世界のニュースでは、米国の選挙をめぐる混乱に乗じてワクチン外交を東南アジアで進めていると報道されていた。このほどフンセン首相は、「カンボジアに中国のシノファーム社が製造した100万回分の新型コロナウイルス(Covid-19)ワクチンの即時提供を受け入れる」と述べた。
先ずは中国製ワクチンを50万人分受け入れ、接種を始める
1月15日夜に発表された市民に宛てたフンセン首相の音声メッセージでは「カンボジアは申し出を受け入れ、予防接種の優先リストにある50万人にそれらを使用する」と述べている。

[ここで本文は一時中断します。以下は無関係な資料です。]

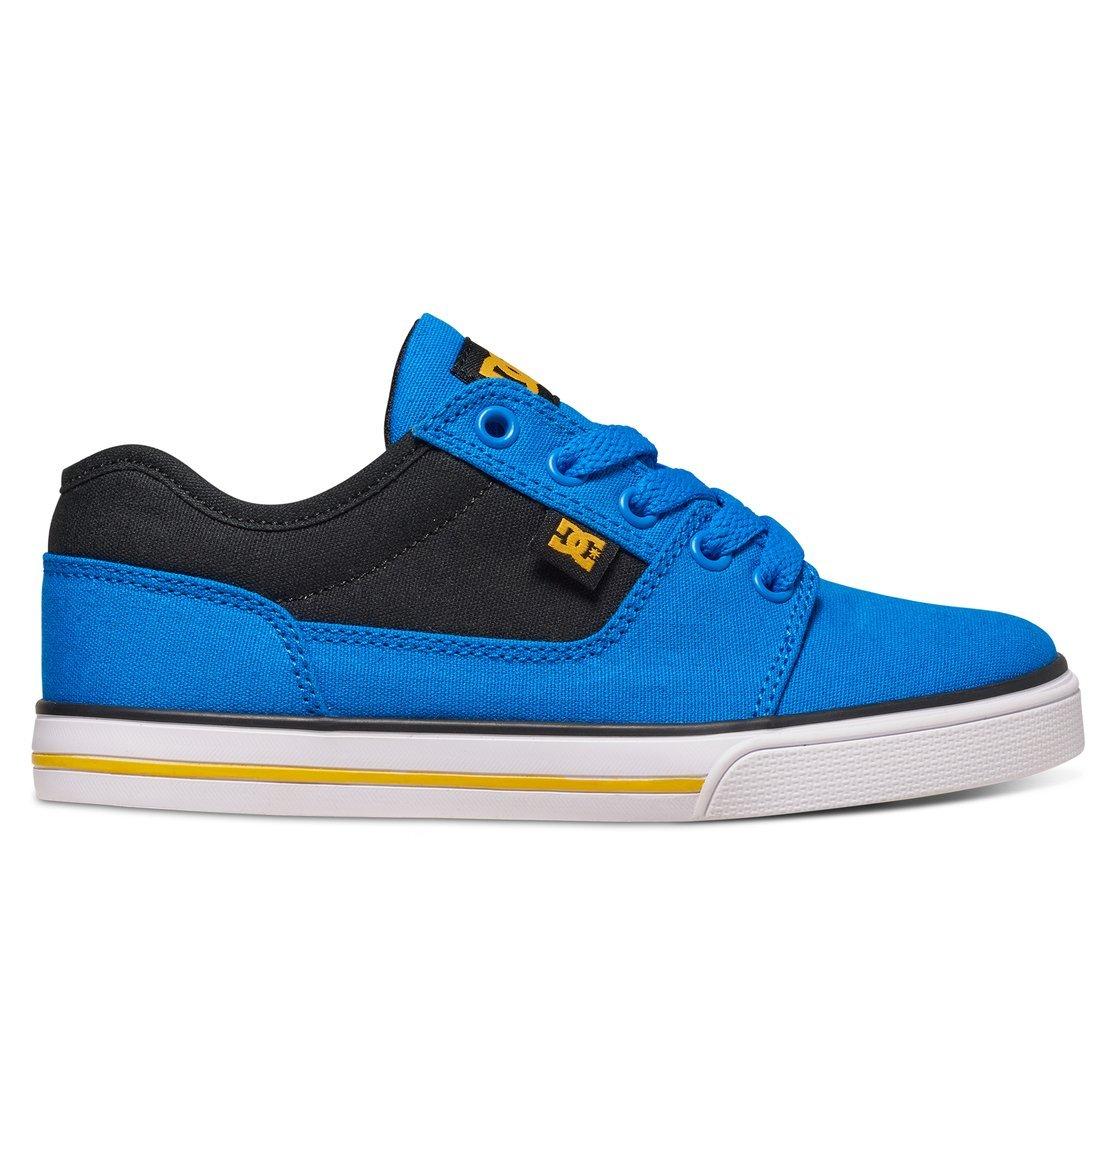 DC Shoes Tonik Tx B, Sneakers garçon ADBS300271

フンセン首相は12月、カンボジアが世界保健機関(WHO)のCOVAXイニシアチブによって安全で効果的であると認定されたワクチンのみを使用すると述べたが、それを取り消したことになる。同首相は、「世界的なパンデミック状況の継続的な進展により、WHOがシノファームワクチンに承認する以前に、カンボジアは中国の援助を受け入れるようにした」と述べた。「緊急事態のため、これ以上待つことはできません。この悪質なウイルスに感染することから国と人々を守ることは絶対に必要であり、私たちは今ワクチン接種を進める必要があります。」「私たちは、このワクチンが中国の指導者と何百万もの市民によって害を及ぼすことなくすでに使用されていることを考えると、このワクチンが安全であるという強い保証と良い証拠を持っています。」「そして、インドネシアのように、大統領がすでに中華人民共和国からこのワクチンを使ってワクチン接種を受けている国があります」とフンセンは中国製ワクチンの受け入れを説明している。

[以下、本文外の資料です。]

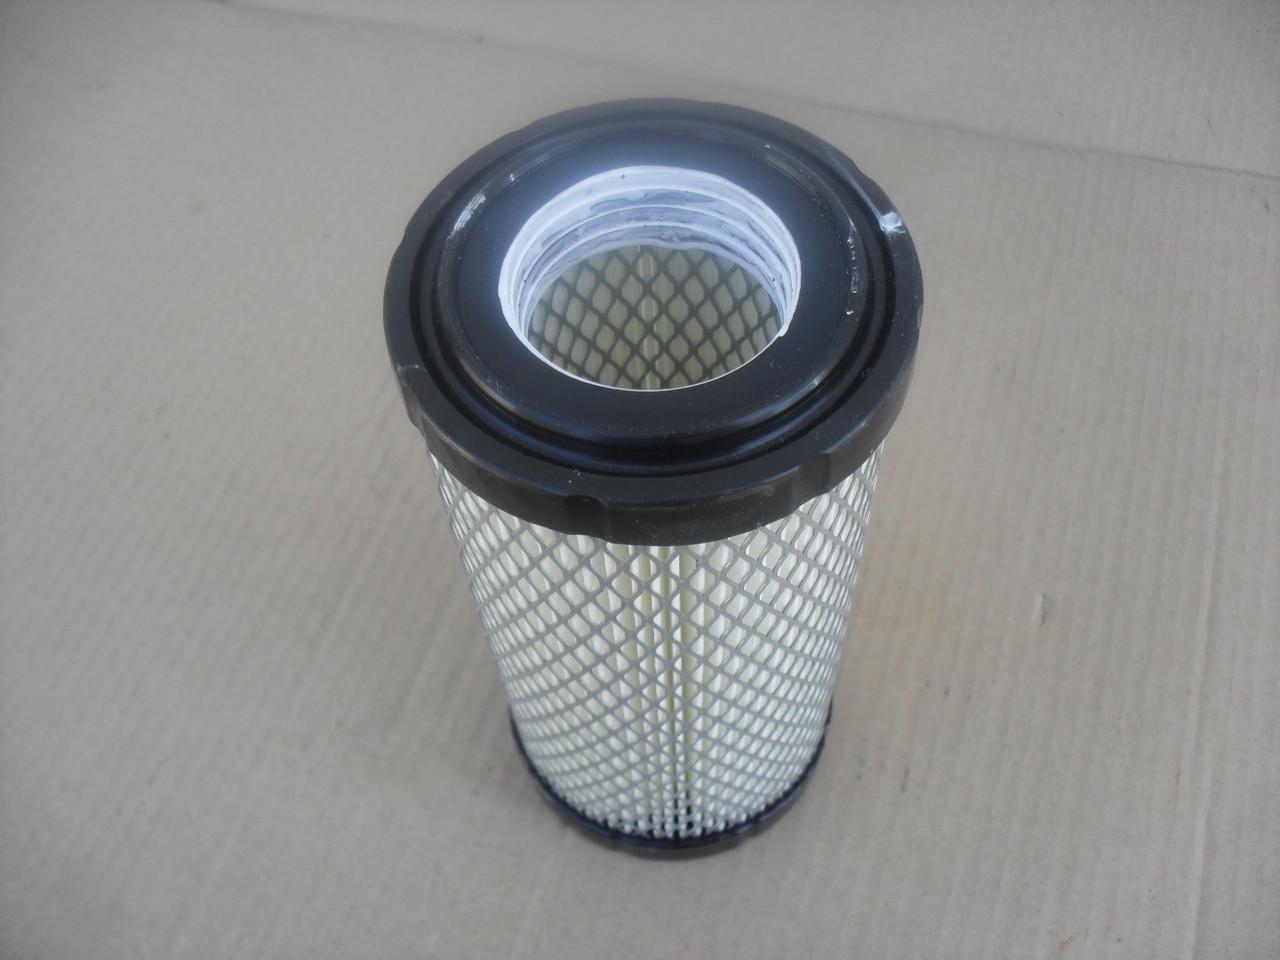 6PK Air Filter for Kubota BX Series RTV500 RTV900 KTV900 D662 D722 D782 D902

欧米が使用しているようなワクチンを受け入れる設備がない
さらに「現在中国のワクチンを受け入れる他の理由は、現在使用されている他のワクチンのいくつかとは異なり、輸送と保管が容易だったということである」と付け加えている。要は「シノファームワクチンは摂氏2度から8度の間で保存できるが、他の国からのワクチンはカンボジアが提供するために装備されていない少なくともマイナス70℃の貯蔵温度を必要としている」と他の欧米諸国が使用しているようなワクチンを保存する設備がないためであると言っているに等しい。
「私たちの友人である中国が、カンボジア王国に対する寛大さと友情の精神から100万回分を提供してくれることをうれしく思います。」さらに同首相は、「1600万人の総人口のうち1000万人から1300万人、または国のおよそ60から80パーセントがワクチン接種を受ける必要がある」とも説明した。
ワクチン接種優先順位:医療従事者、教師、軍隊、警察…
そこで同首相は、「医療従事者、教師、軍隊、警察、掃除人、バイクタクシーやタクシー運転手などのサービス労働者などの優先リストに載っている人は無料のワクチンを受ける」とも述べている。
「中国の王毅外相は昨年10月にカンボジアを訪問する前に予防接種を受けており、その頃に中国がワクチンの提供を申し出たが、カンボジアは立ち止まり、中国の状況がどうなるかを見守っていた」と中国製ワクチン受け入れの転換経過を述べた。
中国製ワクチンの有効性につては? 緊急避難性の含みで受け入れ
先ずは首相自らが1月17日に接種の申し出
しかし同首相は、「このワクチンは、長期的な有効性がはっきりとはわかりませんが、少なくとも部分的には問題の解決に役立つと強く信じています。しかし、それは中国のワクチンだけでなく、すべての国のワクチンにも当てはまります。今のところ、それらのいずれかによって付与された保護が数か月または数年続くのか、それともあなたの生涯にわたって続くのかは誰にもわかりません。」という中国製ワクチン効果については予防線を張った発言をしている。そのため、より有効なワクチンが認められれば、それに切り替えることもあり得ることを示唆しており、必ずしも中国製ワクチンを信頼しているわけではなく、緊急避難性で受け入れていることをその演説に含ませている。
なお、ここワクチン=予防接種キャンペーンへの国民の信頼と協力を得るために、「フンセン首相は1月17日に彼が予防接種を受ける最初の人になることを志願した」と発表した。